Are you a small-government conservative who wants to keep the federal government out of zero gravity? Well, you may be in luck.
The Washington Post reported on Sunday that, according to a NASA document it obtained, the Trump administration is proposing to make the International Space Station a privately run enterprise by the end of 2025.
Under the plan, the White House would fund the station as normal through 2024, but at the same time “expand international and commercial partnerships over the next seven years in order to ensure continued human access to and presence in low Earth orbit.” Specifics about which companies would be involved, or how any of the infrastructure would work, are thin.
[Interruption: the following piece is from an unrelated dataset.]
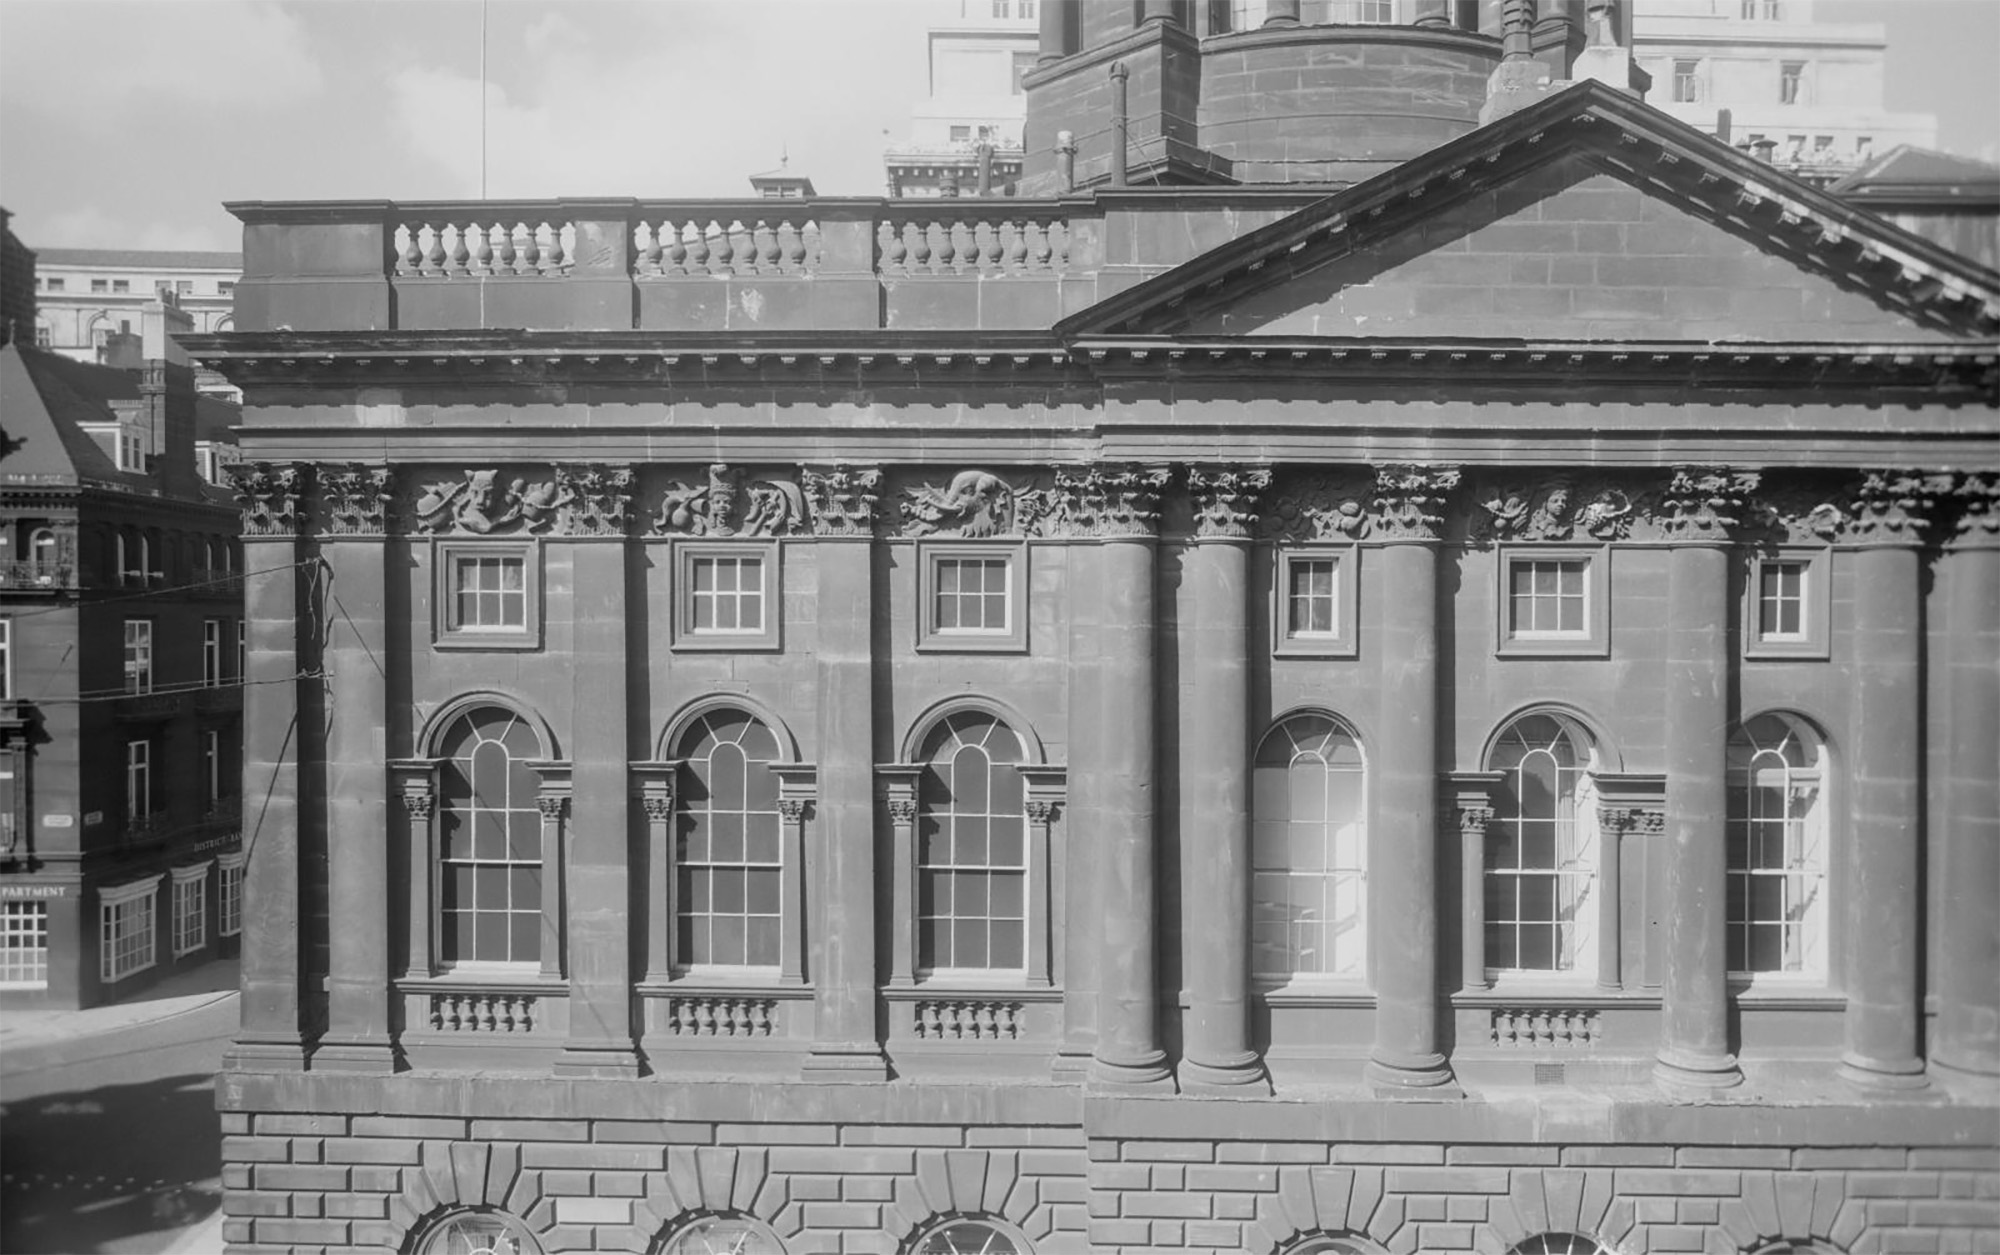 A black and white archive photograph of the exterior facade of Liverpool Town Hall.

As the Post notes, the station is no stranger to private industry; Boeing currently operates it at a cost of $3 to $4 billion a year.
But the Trump administration, as in so many other areas, would go much farther than its predecessors, cutting off federal funding altogether.
The space-station proposal is of a piece with large overall budget cuts to NASA envisioned by the Trump administration as part of its 2018 budget. But the NASA cuts (along with the entire budget) have a very long way to go to become reality, and have already run into major detractors, even among conservatives.
On Wednesday, Senator Ted Cruz said that, “I hope that those reports prove as unfounded as Bigfoot,” and blamed “numbskulls” at the White House’s Office of Management and Budget for a misguided idea.
Then there’s the matter of other countries. The International Space System is, after all, international, and it’s unlikely that America’s partners in low orbit would be so enthusiastic about the U. S. bringing about the deconstruction of the intergalactic state.
In a statement, Boeing’s Space Station manager Mark Mulqueen said that “handing over a rare national asset to commercial enterprises before the private sector is ready to support it could have disastrous consequences for American leadership in space and for the chances of building space-focused private enterprise.”
As is often the case, the Trump administration seems alone in wanting to gut a long-standing American-funded institution.